I'm only going to say a few words about motors... Cheap is cheap for a good reason and that "good" isn't good - or cheap - when you have issues. If you're going to drive the car on Sunday morning - and put very few miles on it - and never want to wing the SOB to the moon or go to the track. You MIGHT get away with cheap for awhile.
Just the rods in my race motor cost $2,300.... It's at WOT as much as humanely possible... the builder wants me to bring it back for a refresh every 40 hours of operation. That's a long time when you're doing 20 minute track sessions. The rebuild - think about this - just the rebuild was $14,000.... and people want to sell you a complete motor for 5 or 6 or 7,000....
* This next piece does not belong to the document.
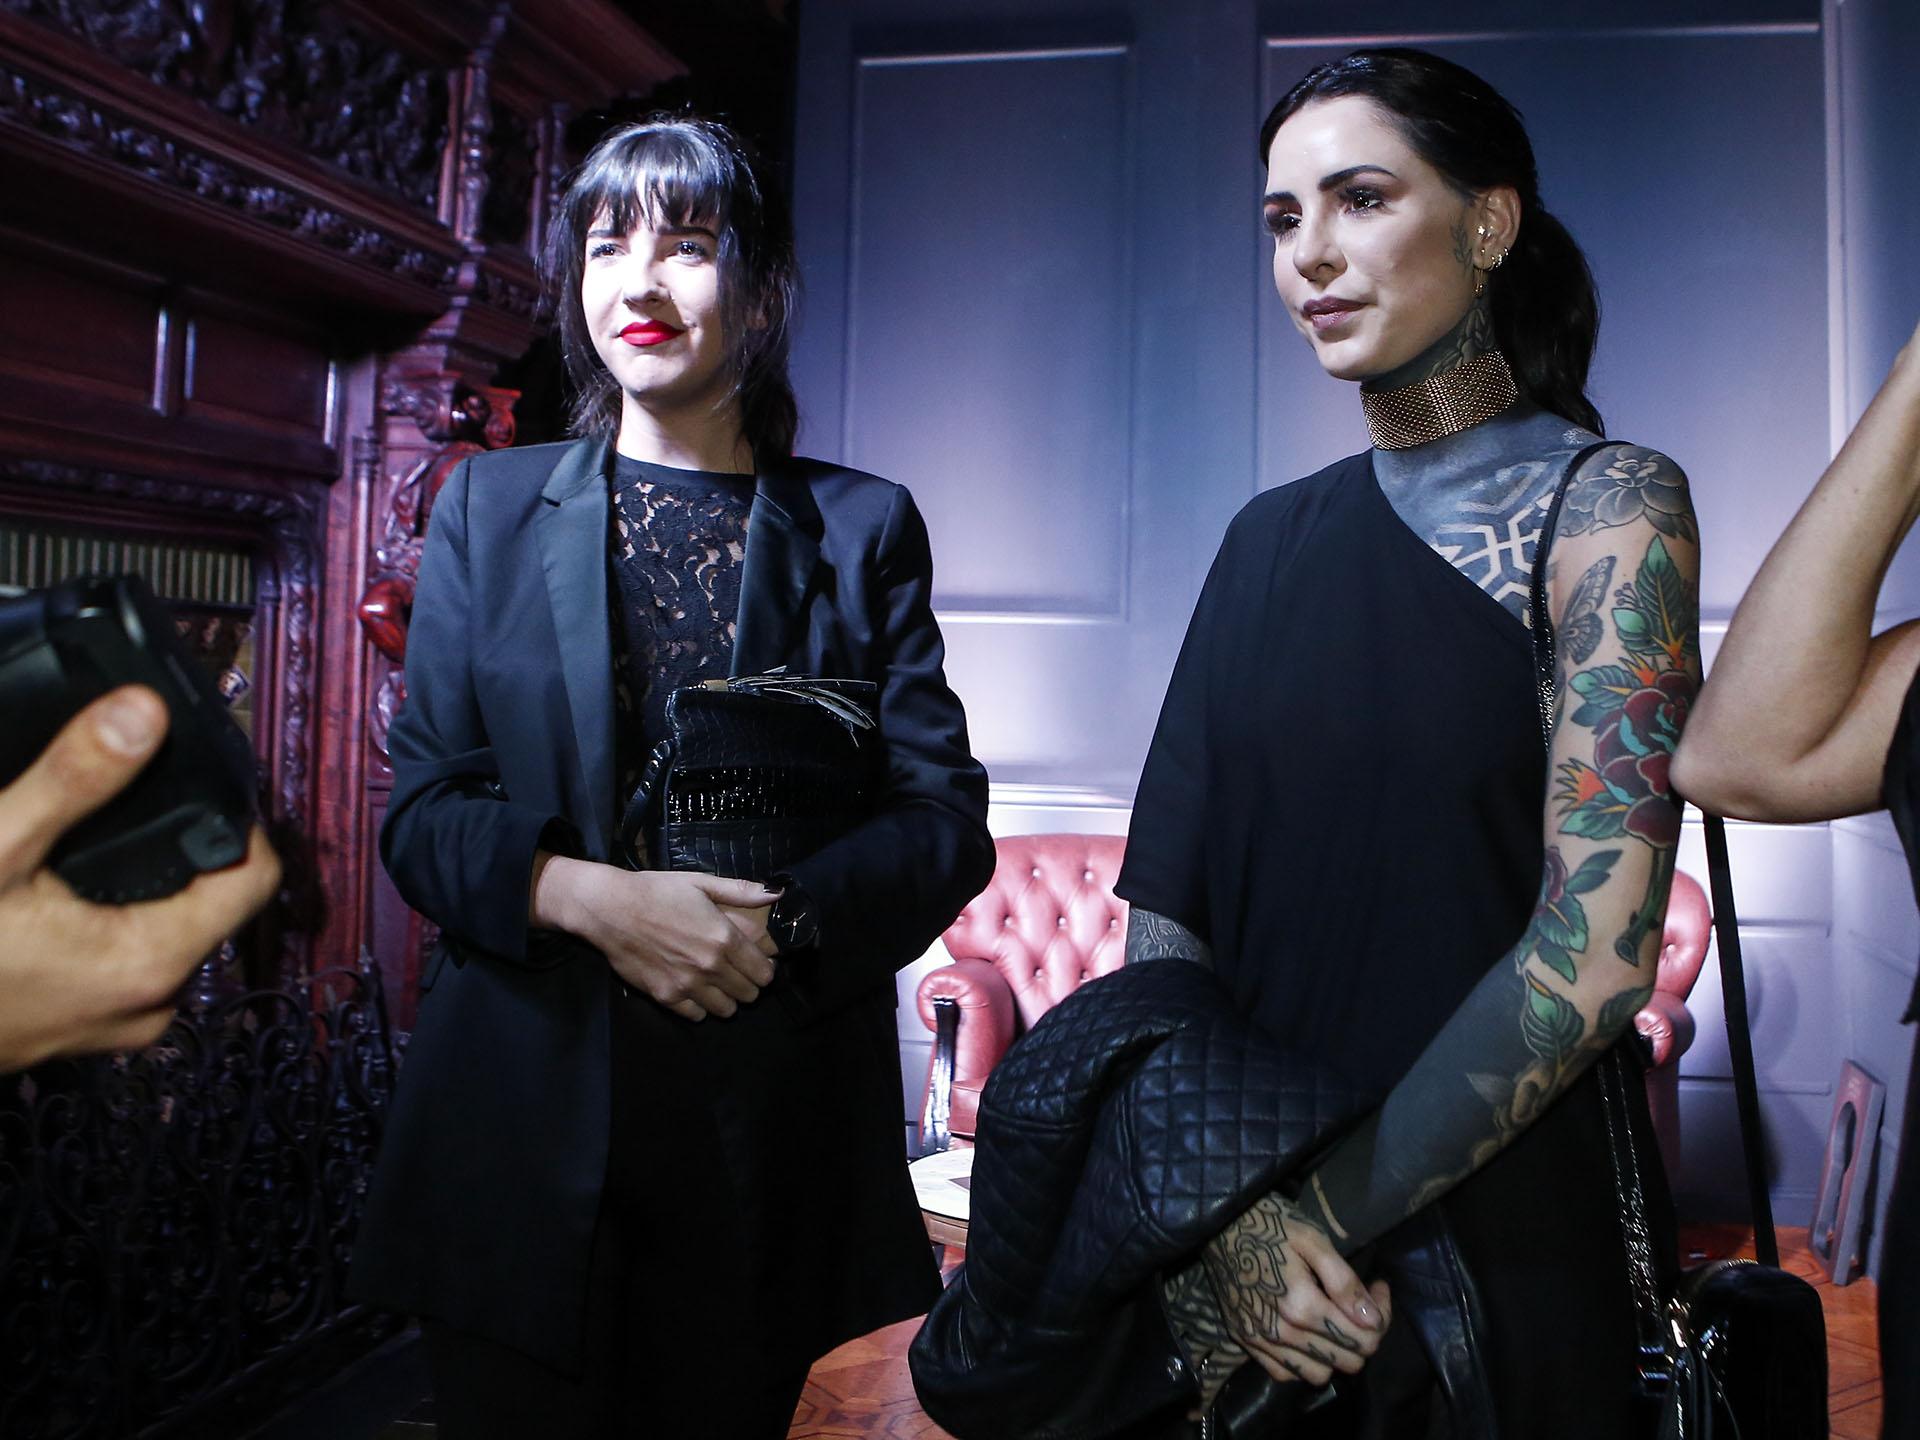 """Importantes celebridades, como Candelaria Tinelli, asistieron a la Temptation Party, luciendo el dress code requerido: """"Elegant Red & Black"""""""

My point?? This isn't a place to shop "money" - this is a place to do your homework based on what's right for you and your application and let the money be whatever that is. Cheap parts are cheap - the guy building your motor will then be inclined to say to himself "this is good enough" when machining and assembling... Cheap rods and cranks aren't going to be the same as good rods and cranks... I'm not saying you have to build a "race motor" -- but we all know the drill here. Everyone wants bragging rights with the dyno numbers. Then they DON'T want to pay what it costs to get those numbers to actually LAST for awhile... then they want to go out and run the poor little SOB like it is a "race" motor - because - after all - they have "X" horsepower.... Good luck with that. As an ex pyrotechnician -- I'd describe that as a very short fuse.